Results of mediation models predicting social problems (3 year CBCL Social Problems score) while including age (2-year follow-up), sex, and site as covariates. More detailed results are provided in Supplementary Table S5. PLE, psychotic-like experiences.

Figure 2. Long description
The diagram consists of three stacked panels representing mediation models for Depression, Anxiety, and P L E Distress. Each panel follows a structure where a Year 1 predictor on the left connects via arrows to four mediators in the center, which then connect to Social Problems Year 3 on the right.
Top Panel: Depression Year 1.
* Mediators from top to bottom: Sleep Quality Year 2, Physical Activity Year 2, Diet Year 1, and Weekend Screen Time Year 2.
* Sleep Quality shows the highest mediation strength at 19.9 percent.
* Total Effect: .3470. Direct Effect: .2732. Sum of Indirect Effects: .0738.
Middle Panel: Anxiety Year 1.
* Mediators from top to bottom: Sleep Quality Year 2, Diet Year 1, Physical Activity Year 2, and Weekend Screen Time Year 2.
* Sleep Quality shows the highest mediation strength at 19.6 percent.
* Total Effect: .3213. Direct Effect: .2532. Sum of Indirect Effects: .0681.
Bottom Panel: P L E Distress Year 1.
* Mediators from top to bottom: Sleep Quality Year 2, Physical Activity Year 2, Weekend Screen Time Year 2, and Diet Year 1.
* Sleep Quality shows the highest mediation strength at 23.3 percent.
* Total Effect: .0808. Direct Effect: .0592. Sum of Indirect Effects: .0216.
Statistical notes: Asterisks indicate p < .05. Values on arrows represent path coefficients and standard errors. Vertical blue arrows on the left of each panel indicate Mediation Strength percentage increasing from bottom to top.
Including cognition as a covariate did not appreciably alter the results of mediation models with social functioning as the outcome (Supplementary Figure S4 and Supplementary Table S6). When weekday screen time was used instead of weekend screen time, the mediating effects of screen time became consistently smaller and nonsignificant for all psychopathological domains tested (Supplementary Figure S5 and Supplementary Table S7).

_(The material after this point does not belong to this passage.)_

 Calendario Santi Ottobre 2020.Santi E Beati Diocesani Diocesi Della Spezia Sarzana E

Environmental moderation effects
Supplementary Table S8 depicts how environmental factors moderate associations between lifestyle mediators with academic functioning, as well as moderator effects on percent mediation. The effects of significant moderators on mediation effects are further illustrated in Table 2. Specifically, as financial adversity increased, the mediating role of sleep quality and/or weekend screen time (reverse-scored) on associations between mental health and academic functioning decreased (Table 2).

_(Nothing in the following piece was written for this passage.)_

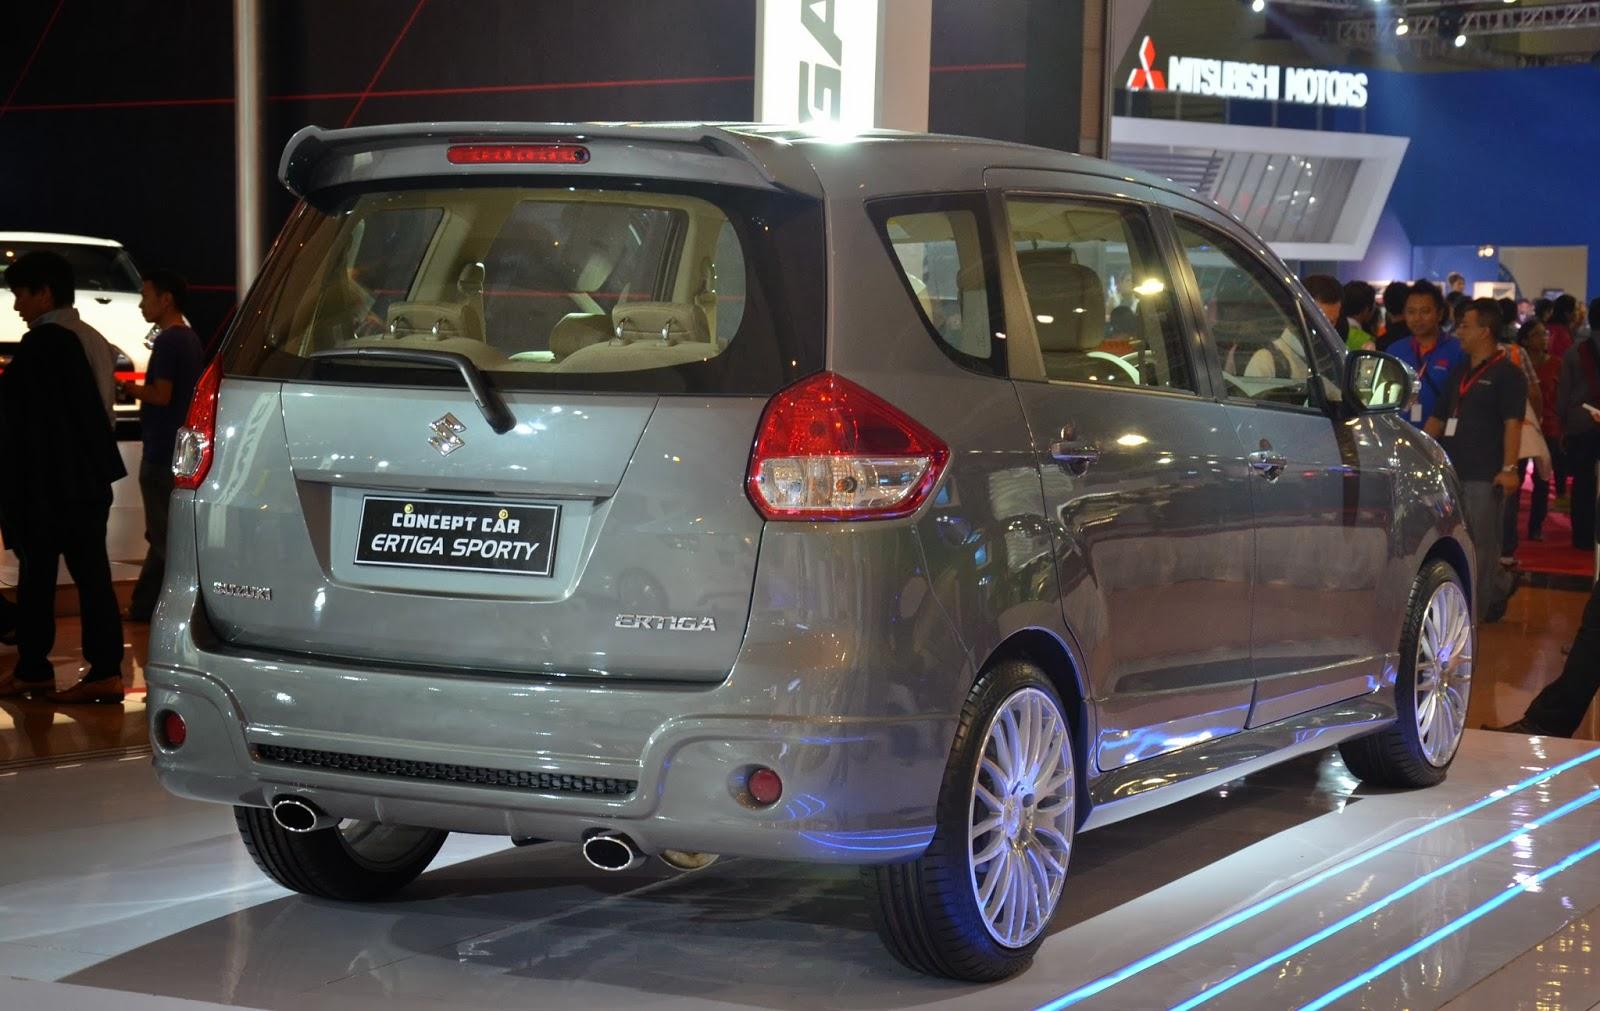 Daftar Harga Mobil Baru Suzuki 2012 Harga Terbaru ...

Changes in %mediation dependent on moderator level for significant moderators for models predicting academic functioning between years 2 and 3

Table 2. Long description
The table is organized into four main sections based on the predictor: Depression, Anxiety, P L E distress, and Total problems. For all models, the moderator is Family financial adversity, evaluated at three levels: Mean minus 1 S D, Mean, and Mean plus 1 S D.
1. Depression section:
- Sleep quality mediator: Indirect effect decreases from minus .0138 to minus .0076 as adversity increases; percentage mediation drops from 20.2 percent to 11.1 percent.

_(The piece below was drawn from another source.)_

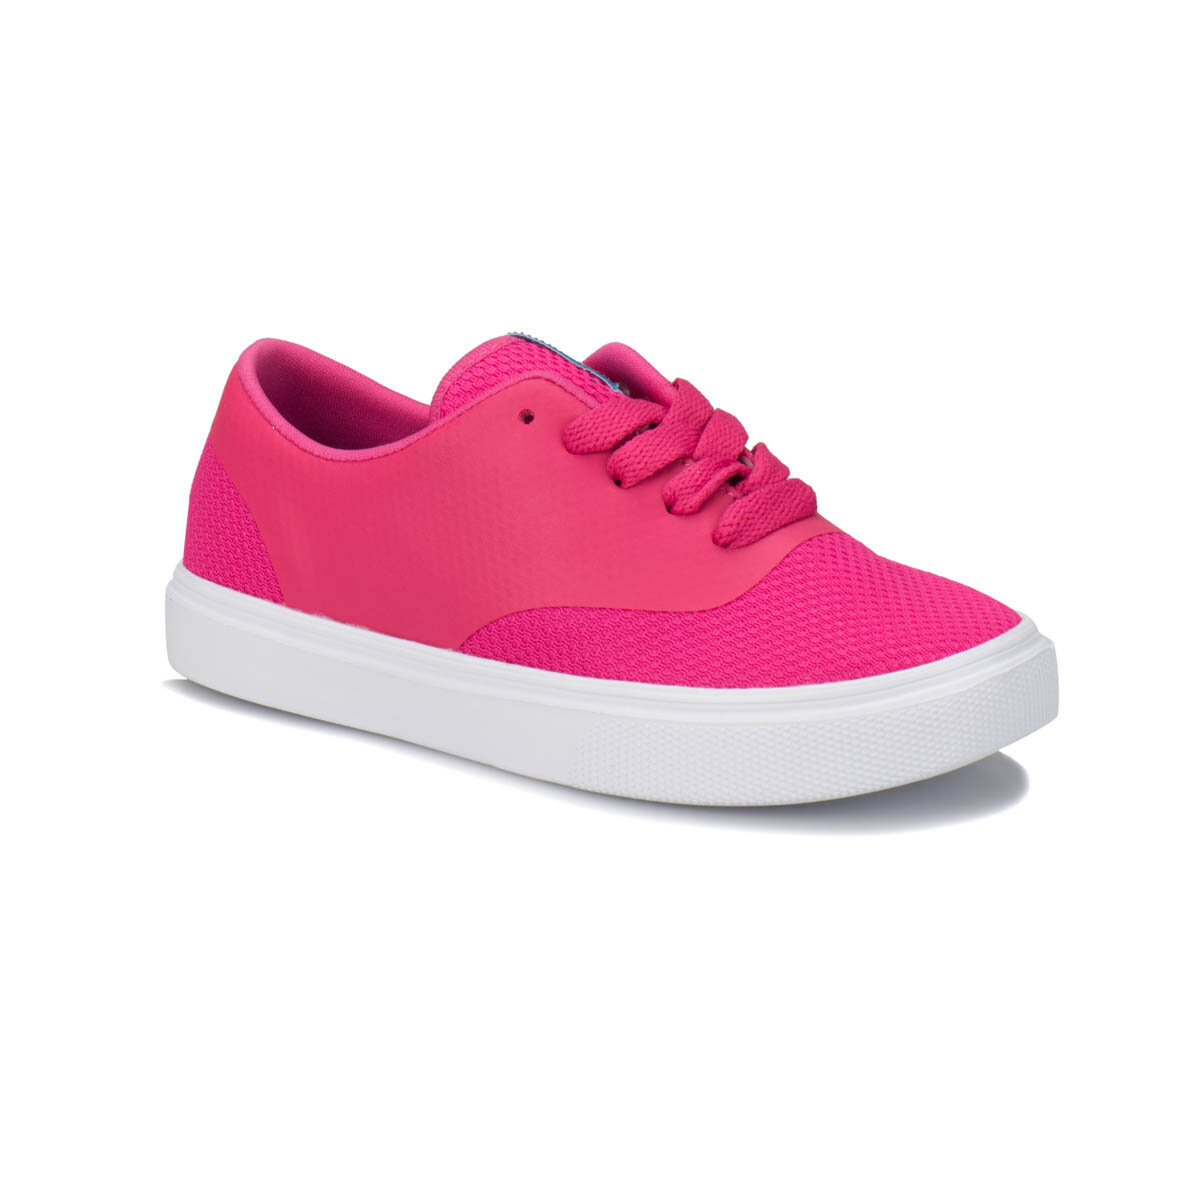 Fuşya Kız Çocuk Sneaker Ayakkabı GISELLA

- Weekend screen time mediator: Indirect effect decreases from minus .0045 to minus .0027; percentage mediation drops from 6.6 percent to 4.0 percent.
2. Anxiety section:
- Sleep quality mediator: Indirect effect decreases from minus .0153 to minus .0102; percentage mediation drops from 38.0 percent to 25.4 percent.
- Weekend screen time mediator: Indirect effect decreases from minus .0021 to minus .0013; percentage mediation drops from 5.2 percent to 3.2 percent.
3. P L E distress section:
- Sleep quality mediator: Indirect effect decreases from minus .0032 to minus .0022; percentage mediation drops from 8.6 percent to 5.9 percent.
- Weekend screen time mediator: Indirect effect decreases from minus .0023 to minus .0015; percentage mediation drops from 6.2 percent to 4.0 percent.
4. Total problems section:
- Weekend screen time mediator: Indirect effect decreases from minus .0027 to minus .0016; percentage mediation drops from 4.0 percent to 2.3 percent.
Note: All indirect effects include 95 percent confidence intervals in parentheses. Mediation effects for Mean minus 1 S D were calculated at zero when the value was less than zero.
Note: See Table 1 for the mean (SD) of moderator variables.
a Because mean − 1 SD < 0, mediation effects at this level were calculated when the moderator = 0.
Supplementary Table S9 depicts how environmental factors moderate associations among lifestyle mediators, with social problems as the outcome. The effects of significant moderators on mediation effects are further illustrated in Table 3. Specifically, as family conflict and financial adversity increased and the school environment worsened, the mediating effects of sleep quality on associations between mental health and social problems increased (Table 3).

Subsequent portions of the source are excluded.